Write with your mouth and then use fingers. Lately, I have been trying a new technique while writing articles — begin the process with voice memos, load it on a transcription software/app and finally, give the skeletal draft mass using the keyboard. Suddenly, most articles appear conversational, all thanks to transcription apps and programmes that are available in plenty, some of which are expensive, many goof up badly but a few get it spot on, well, almost. Not only articles, these digital transcribers work well with interviews, especially the long ones.
Voice to text is not a new phenomenon. Even a decade ago, it was possible to knock out a few paragraphs using voice but there was always the issue of correction which went beyond adding comma or the authoritative period. Short dictation for a post on Facebook is not what I had been aiming for. The technology that’s currently available doesn’t come free but it doesn’t cost the sky.
Usually the process begins with recording voice memos using an app like RecUp, which costs around Rs 120 but it syncs well with Dropbox. I also use Voice Memos on the iPhone, which can record conversations with enough depth, cutting out most unwanted environmental noises. These Voice Memos can be emailed or shared easily. Then comes the part in which users are spoilt for choice.

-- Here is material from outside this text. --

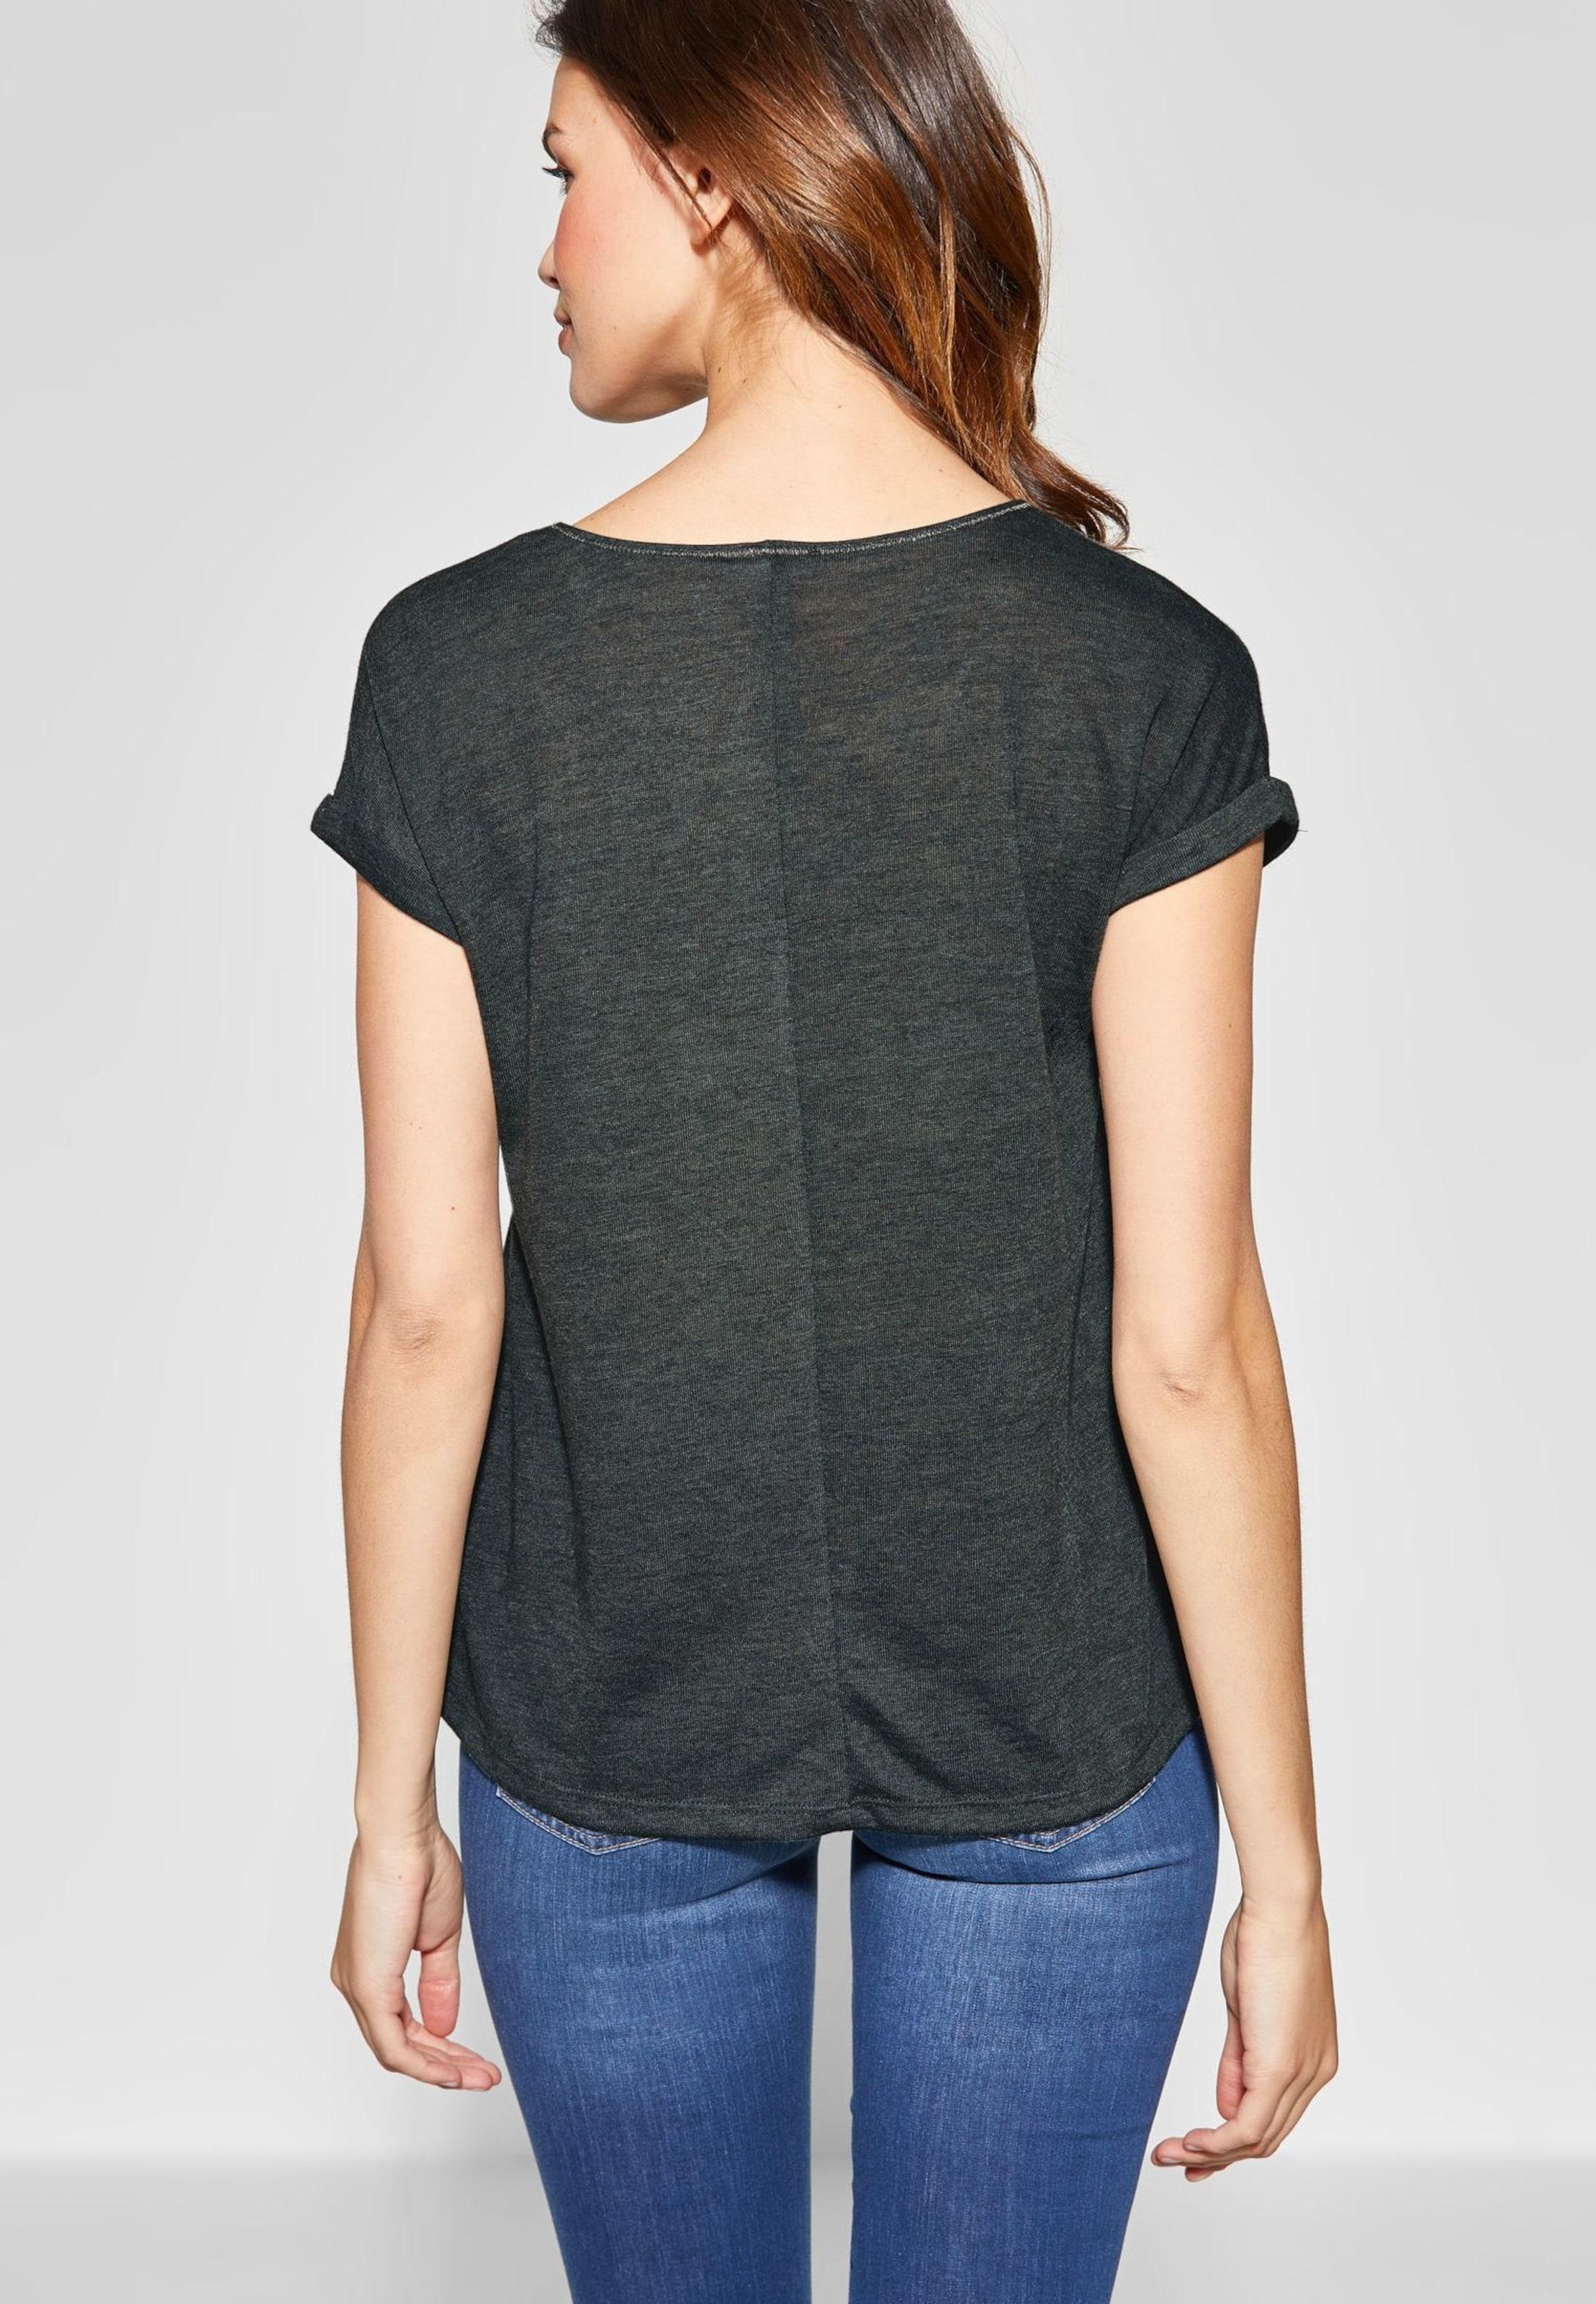 Wordingprint Street Lockeres Shirt Grün In One Ybyfg76
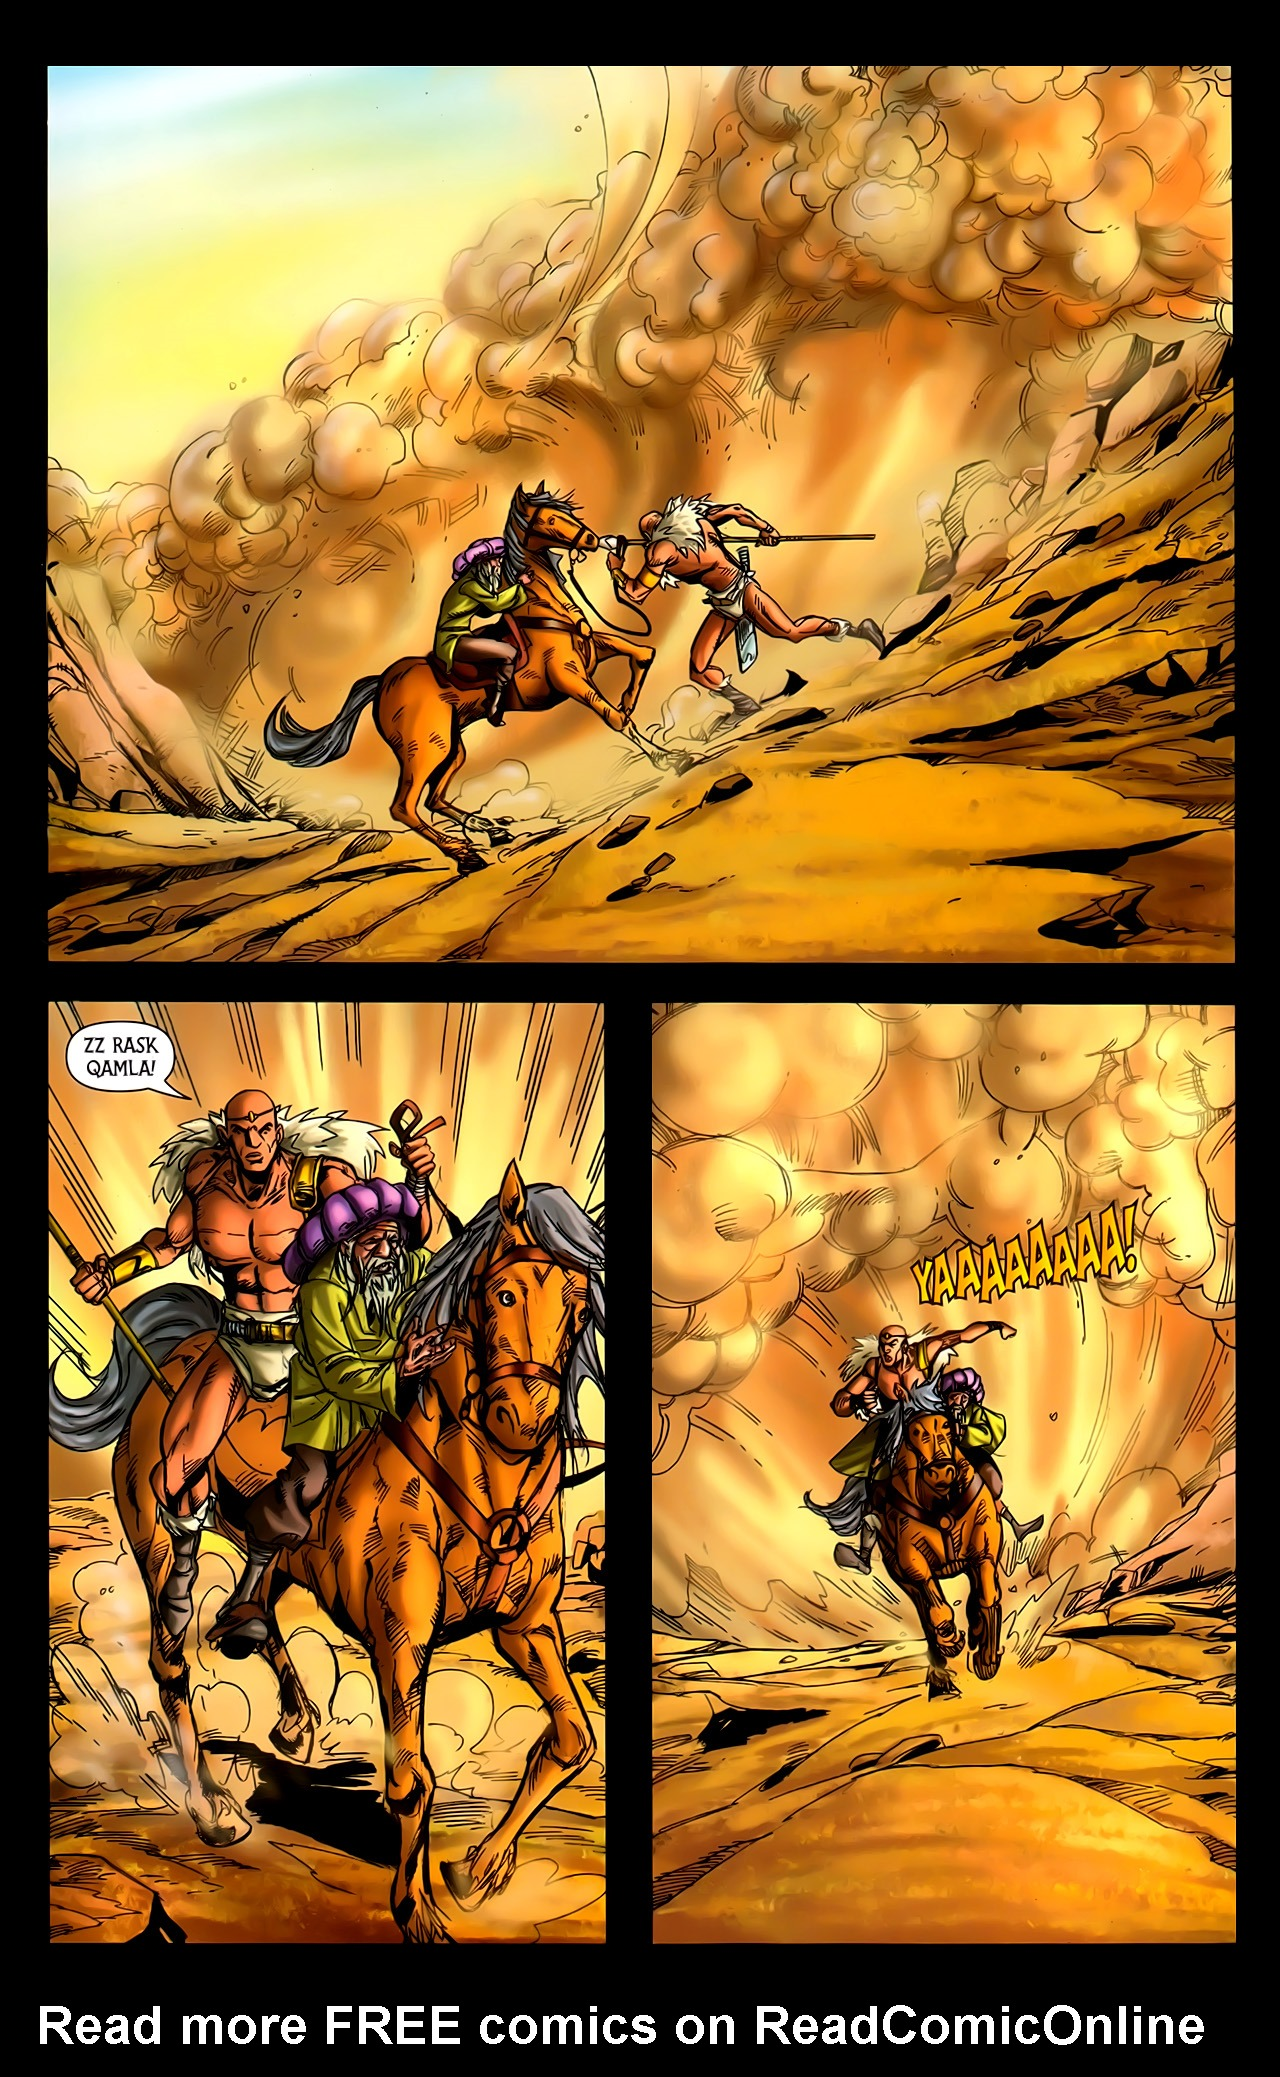 Read online 1001 Arabian Nights: The Adventures of Sinbad comic -  Issue #10 - 22

The good thing with voice memos is that these can be recorded anywhere, while driving, idling in the park or a cafe, or while washing dishes. To get the best quality voice memos, I usually use AirPods, which can pick up voice better than most wireless earbuds in the market and even the sound of running water is kept in check while recording.
Next, the options. Closest to my heart are Word as part of Office 365, Descript, Otter.ai and Temi.
Transcribe via Office 365
As a subscriber of Office 365, it is a no-brainer to use the Transcribe feature. For a few hundred bucks per month, you can use the entire Office suite, which has some excellent Cloud-related features while Transcribe is the high point for me. All you need to do is upload an audio file, which takes a few minutes to transcribe. For example, a few days ago there was an interview of Magic Johnson, which got transcribed using this feature. In terms of accuracy, I would say it gets 70-80 per cent correct if the diction is American or British. Names of cities, personalities or popular food items usually turn out correct but when it comes to pauses or all the ‘ums’, ‘ahs’ and ‘oohs’, it does a shoddy job. What would have taken me 45 minutes to transcribe earlier, was done in 10-12 minutes.
Otter.ai
The popular transcription product is from a team with members who have led development of technologies in mobile, search, speech, and data analytics at companies like Google, Facebook, Uber, Cisco, and Nuance. It has a slight edge over Office 365’s Transcribe option in terms of accuracy although at $8.33 a month, it doesn’t come cheap. It understands dictions far better than most rival options while the speed of transcription is high. Until the RBI ruling over recurring payments using credit cards came into play, Otter.ai had me in its spell.
Descript
The versatile app is billed as a “word processor for audio”. The voice memos I record, often get worked on by Descript’s tech muscles, truncating silences easily while keeping the text searchable. The output is not something I would be able to publish without changes but the matter can easily be hammered into something meaningful. Descript also has a powerful podcast angle which supports simultaneous and collaborative multitrack editing, with changes synced in real time to the cloud. The feature to look out for is Overdub, and it will allow you to create what Descript is calling an AI voice that can be used to overdub flubbed words or phrases. Is the transcription up to scratch? Well, it captured my wife’s thoughts clearly: “My husband likes camembert cheese. If you ask me, I think camembert should be fed to the dogs and maybe, (just) maybe I might allow my cat to eat it. (No) Sniff it.” The commas had to be added. The same goes for the words within brackets. Though accurate, transcription took time.
Temi
Be it grammar or word accuracy, complete with jargon, Temi does well. Available on iOS, Android and web, a 12-minute audio file took roughly five minutes to transcribe, turning in around 75-80 per cent accuracy. We recommend it because it’s quick and relatively inexpensive (at 25¢ per minute of audio), though you have to do some clean-up work. There is a trial available to see if Temi suits your needs.
Art of using voice memos
The good thing with voice memos is that these can be recorded anywhere — while driving, idling in the park or a cafe, or while washing dishes.
You can take a voice memo anywhere, anytime — from driving to washing dishes.
It allows you to spend time without screens.
Ideas and thoughts can come anytime. Most phones do a good job in turning in crystal clear recordings.
If voice memos are cleverly put together, it can make articles appear more conversational.
The cost of transcription is reducing every year, which means the time you save transcribing interviews can be used elsewhere.
Using something like Office 365 allows the transcription feature as part of a set of important features. So you are not stuck with an app that does only one thing.